UA = "BailleurVerifBot/0.1 (+bailleurverif.fr; contact@bailleurverif.fr)"
TAG_QUERIES = {
"loyer-abusif": [
"loyer abusif encadrement refus propriétaire",
"loyer trop élevé que faire locataire",
],
"dpe-invalide": [
"DPE faux fraude loyer augmenté",
"dpe invalide recours locataire",
],
"depot-garantie-non-restitue": [
"caution non rendue délai légal",
"dépôt garantie non restitué propriétaire",
],
}
results = []
for tag, queries in TAG_QUERIES.items():
for q in queries:
url = (
f"https://www.reddit.com/search.json"
f"?q={urllib.parse.quote(q)}"
f"&subreddit={SUBREDDITS}"
f"&sort=top&limit=25&t=month"
)
req = urllib.request.Request(url, headers={"User-Agent": UA})

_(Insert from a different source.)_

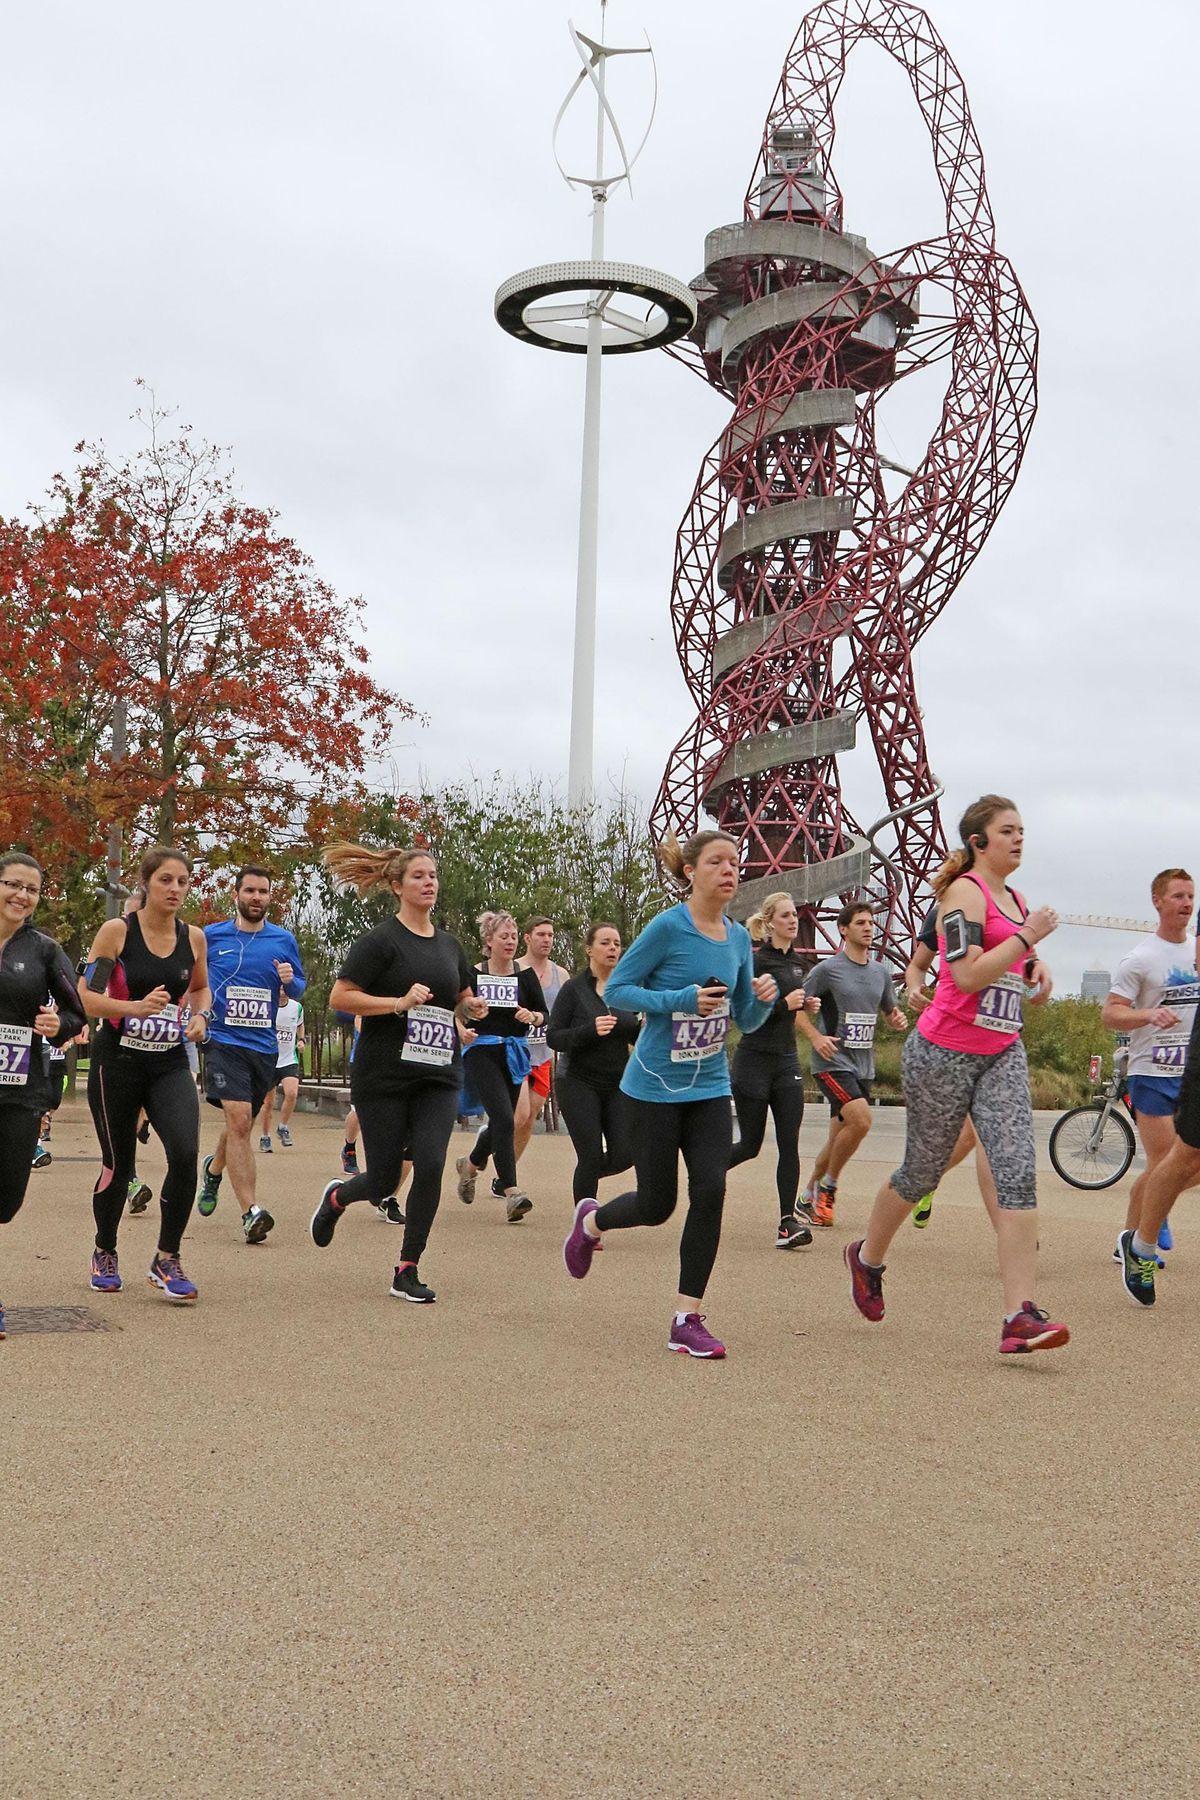 Queen Elizabeth Olympic Park Summer 10K Series - April
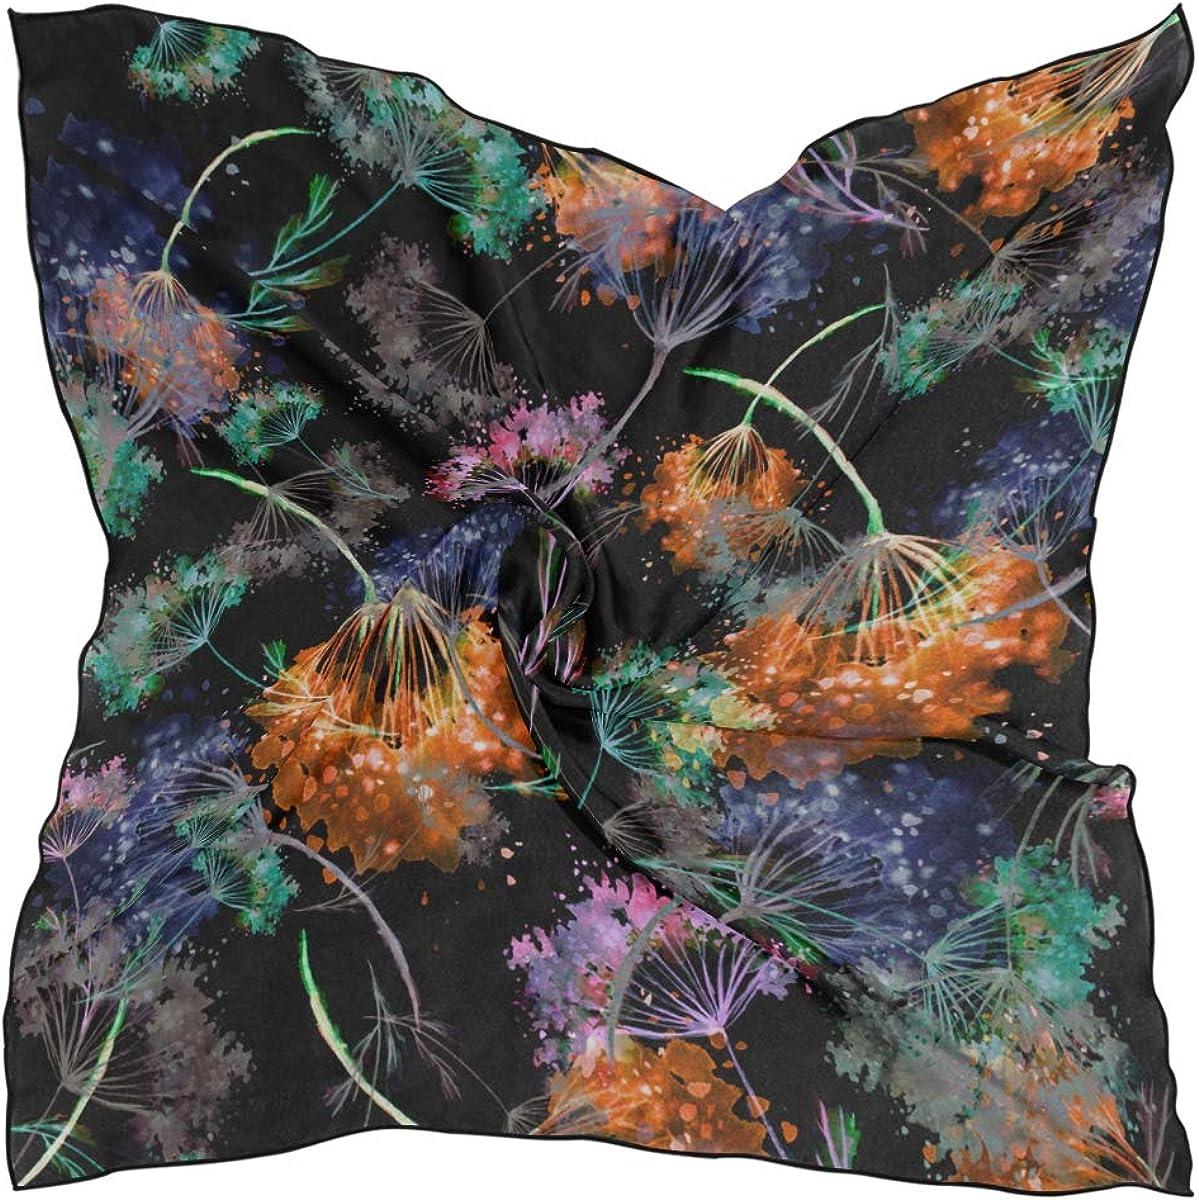 Women's Soft Polyester Silk Square Scarf Watercolor Dandelion Watercolor Floral Vibrant Garden With Nature Fashion Print Head & Hair Scarf Neckerchief Accessory-23.6x23.6 Inch

with urllib.request.urlopen(req, timeout=10) as resp:
data = json.loads(resp.read())
for post in data["data"]["children"]:
p = post["data"]
results.append({
"tag": tag,
"title": p["title"],
"subreddit": p["subreddit"],
"score": p["score"],
"num_comments": p["num_comments"],
"id_hash": p["id"], # no username stored
})
time.sleep(2)
Round 1 produced 50 raw results. Round 2 added r/Locataires and tightened the queries. Final dataset: 35 questions.
The quality filter: why 50 → 35 matters
The filter pass mattered more than the scrape volume:
- Title-anchor required: must contain a tag-specific word (loyer, DPE, caution, garantie, encadrement)
- Renter scope only: not a landlord asking about their property
- Anti-noise blacklist: "copropriété", "syndic", "locaux commerciaux" — adjacent topics, out of scope
What got cut: 8 landlord questions, 4 commercial lease questions, 3 homeowner renovation questions.
Final distribution: loyer-abusif: 26 / dpe-invalide: 6 / depot-garantie: 3.
Score range: 8 to 347 upvotes. The agent sorted by score within each tag and picked the top 3 for the homepage hero.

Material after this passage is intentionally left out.